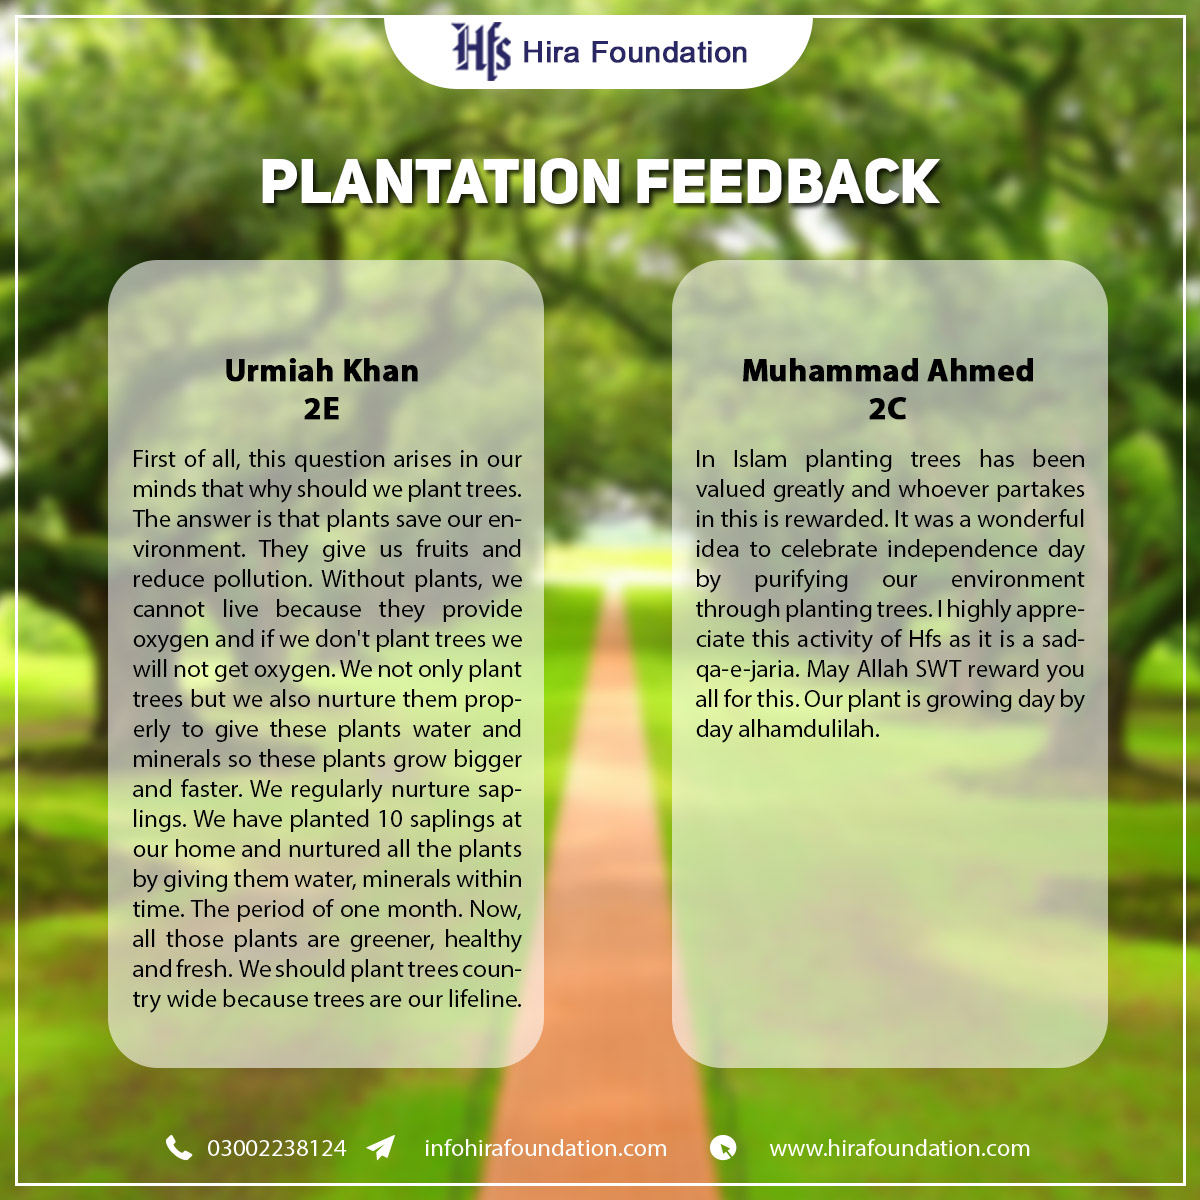 Plantation feedback
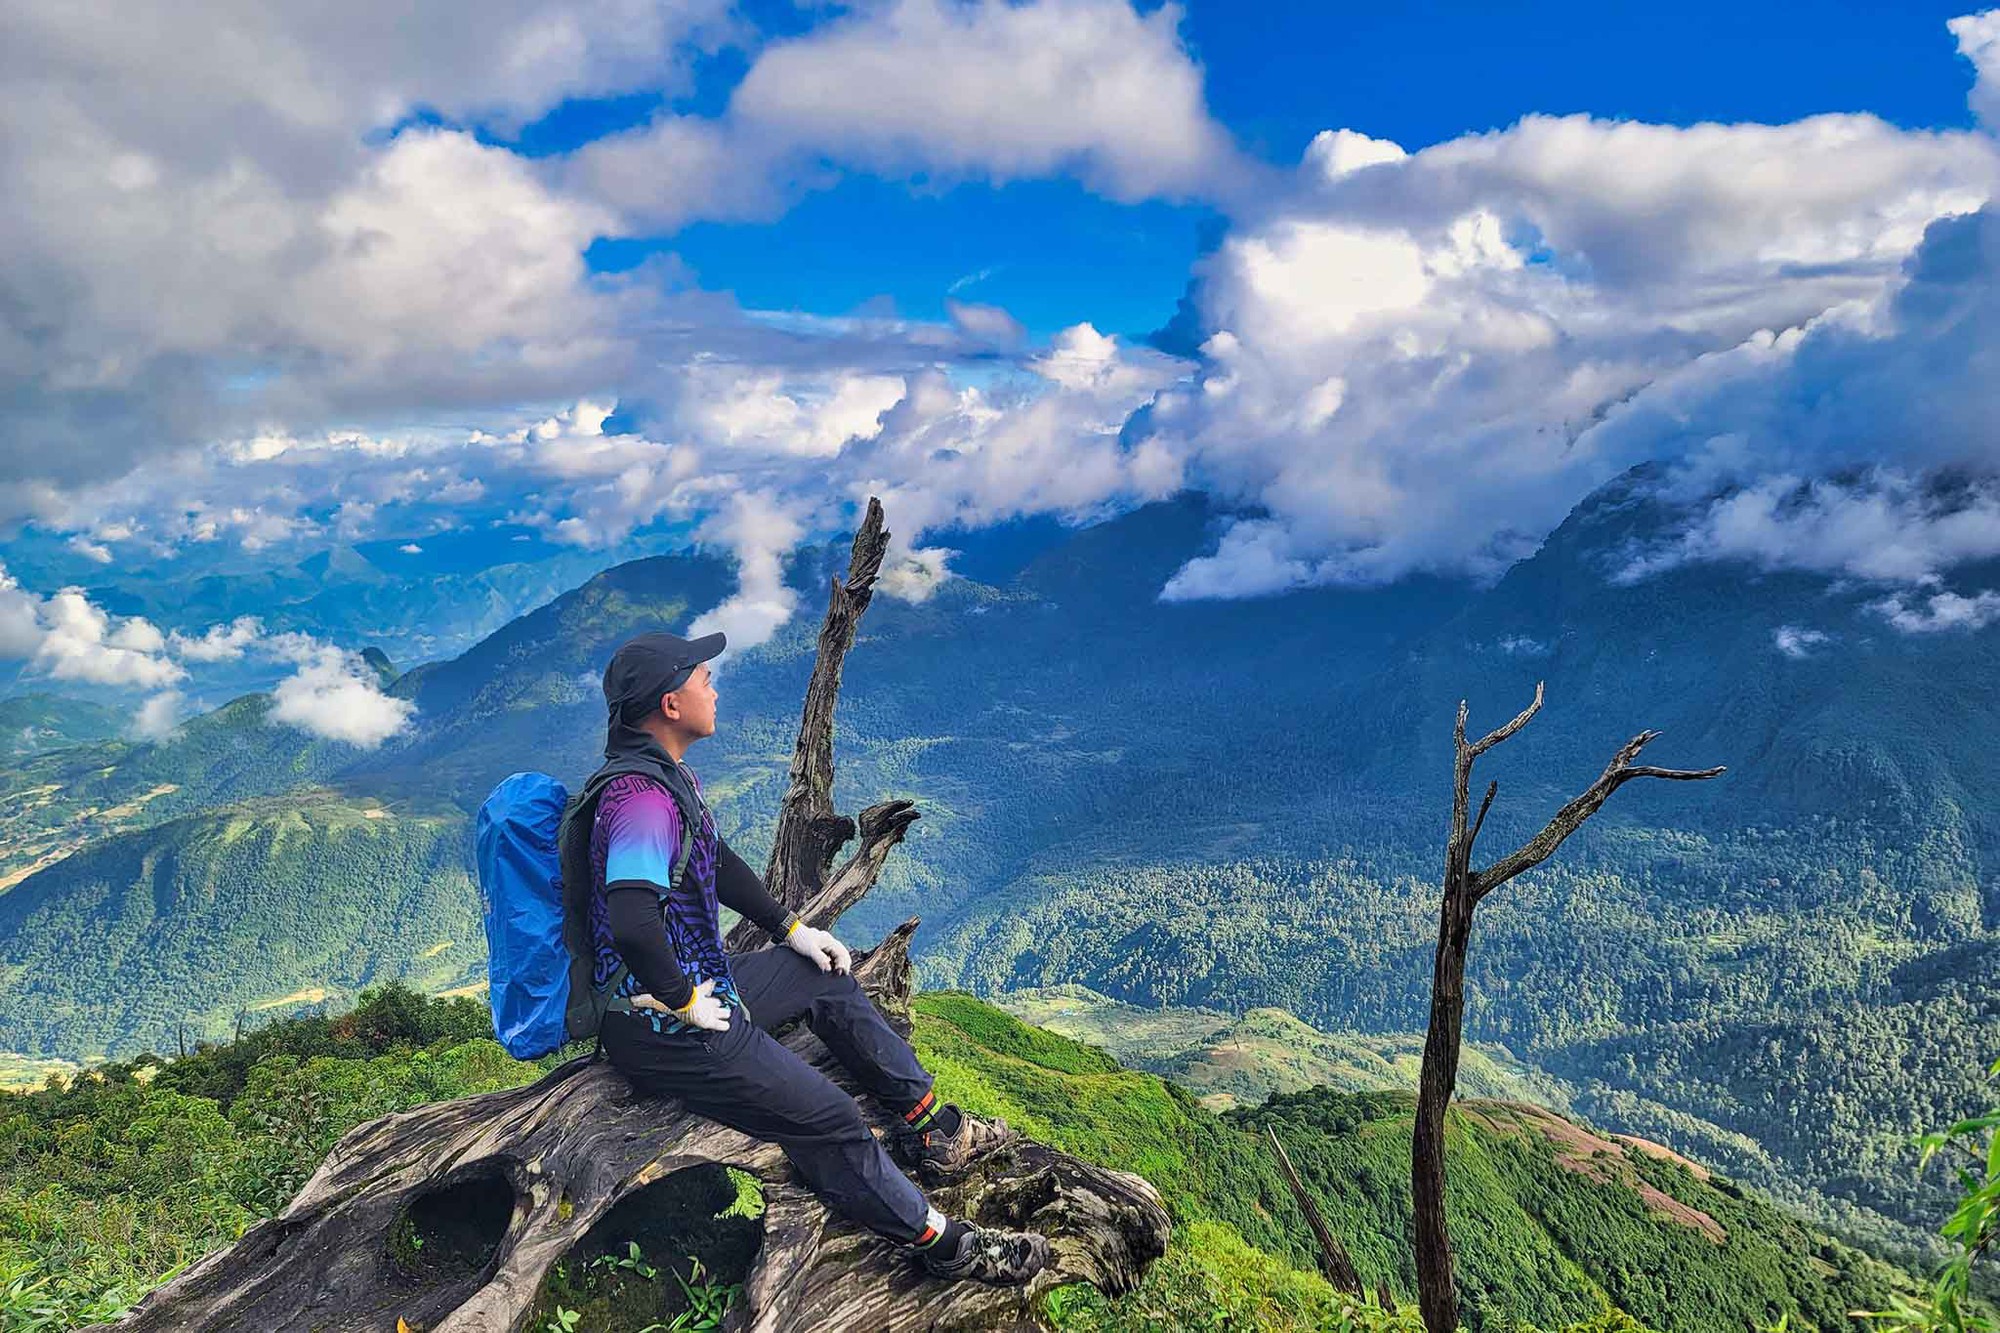 Băng rừng 2 ngày ngắm ‘quỷ núi’, săn hốc đá hình ‘trái tim’ Nhìu Cồ San-một ngọn núi cao ở Lào Cai - Ảnh 8.
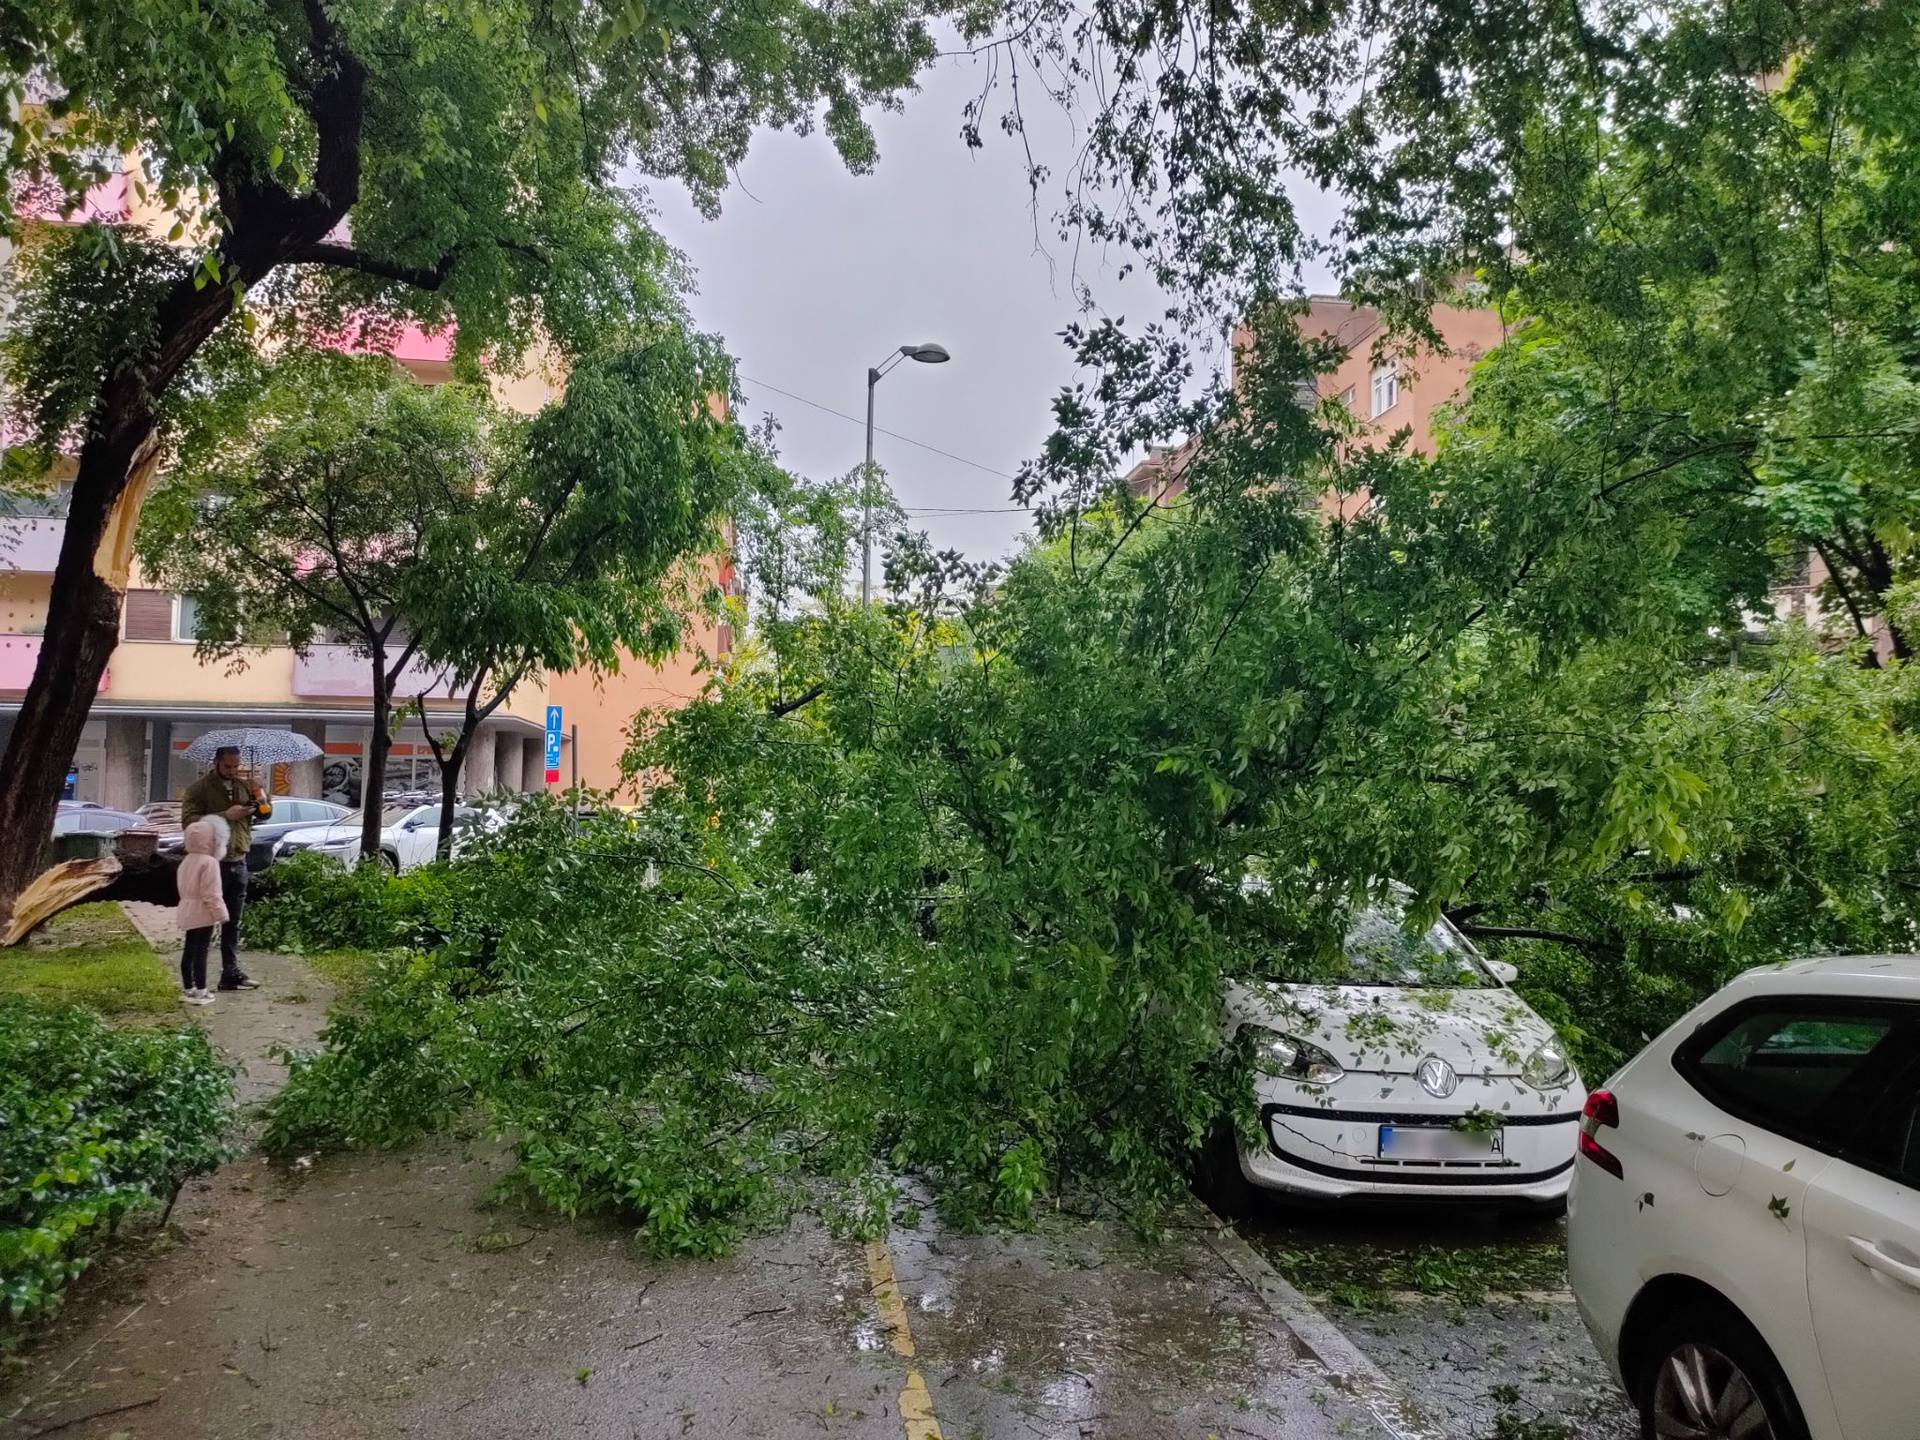 Nekoliko intervencija zbog palih drveća u Zagrebu: U Martićevoj ulici jedno je palo na automobil

_____

What is required - With pictures omitted, copy exactly the lines from the one containing "Băng rừng 2" through the final line of the listing, both included.

Exercise output -
 Băng rừng 2 ngày ngắm ‘quỷ núi’, săn hốc đá hình ‘trái tim’ Nhìu Cồ San-một ngọn núi cao ở Lào Cai - Ảnh 8.
 Nekoliko intervencija zbog palih drveća u Zagrebu: U Martićevoj ulici jedno je palo na automobil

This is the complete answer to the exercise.